Ideally, assessments of cue-based associations in memory would involve the identification of a universal catalog of features that could constitute a benchmark for a “test of existence.” However, the specific feature–event associations that experts acquire are shaped by their individual experience. Moreover, visual features may be more or less salient based on individual differences in visual detection skills, so that, despite similar levels of experience, experts are unlikely to share identical cue-based relationships in memory.

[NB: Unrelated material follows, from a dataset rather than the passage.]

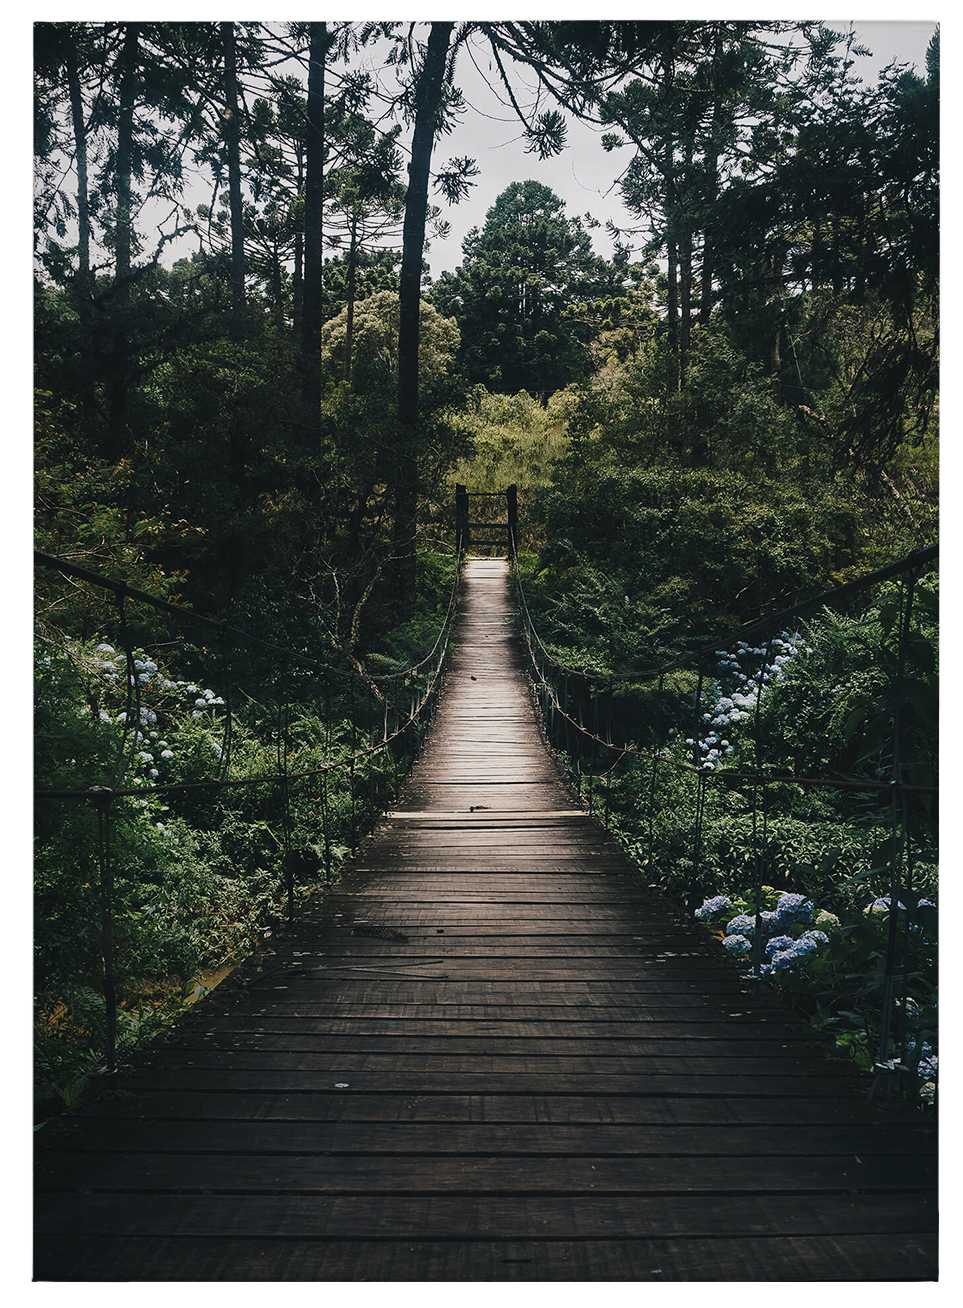             Cuadro Puente colgante en el bosque en verano - 0,50 m x 0,70 m
        
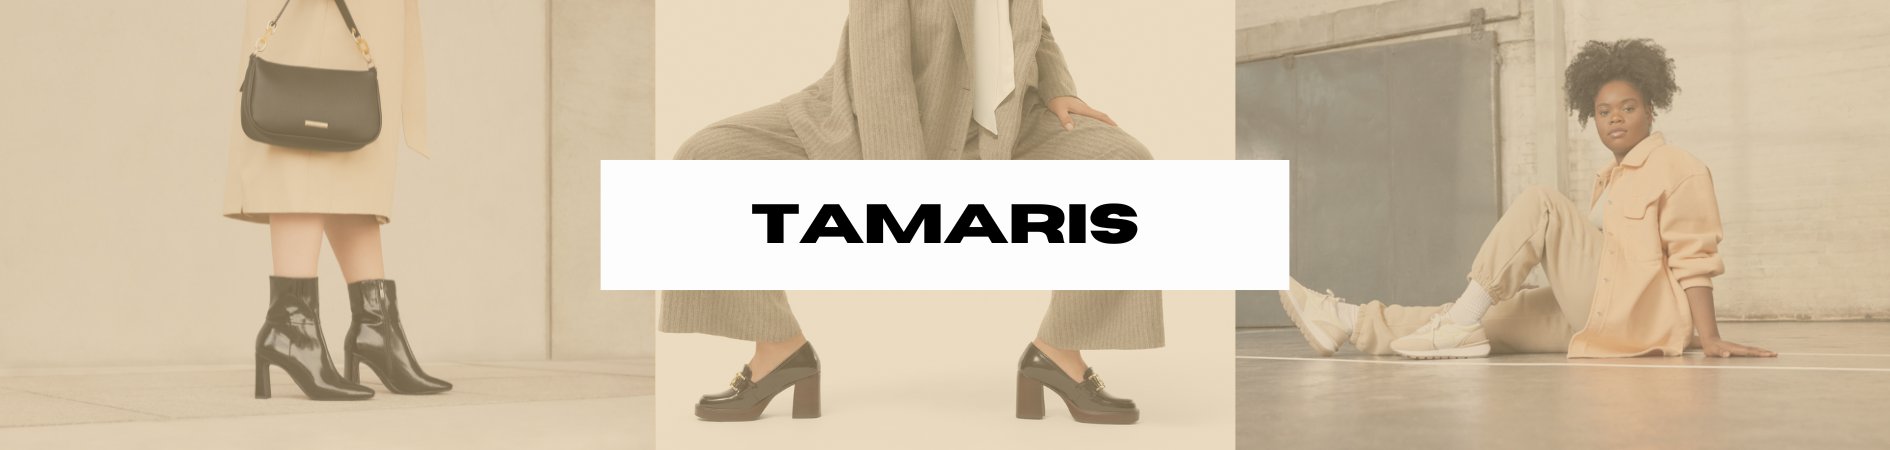 Mart Badekar Lav et navn Tamaris – tagged "low-heels" – PurpleTag.ie

Despite differences in the specific feature–event/object relationships in memory, it remains possible for practitioners to achieve similar levels of performance, particularly in the context of diagnosis. Characterizing the nature of this behavior allows more general inferences to be drawn concerning the application or utilization of cue-based associations from memory. Relatively higher cue utilization can be inferred based on the capacity of a practitioner to: (1) rapidly identify areas of concern, (2) accurately recognize classes or categories of features, (3) greater and more rapidly differentiate associations between features, (4) discriminate relevant from less relevant features during problem-solving, and (5) demonstrate a more explicit prioritization of the acquisition of features during problem orientation (Wiggins, 2014, 2021).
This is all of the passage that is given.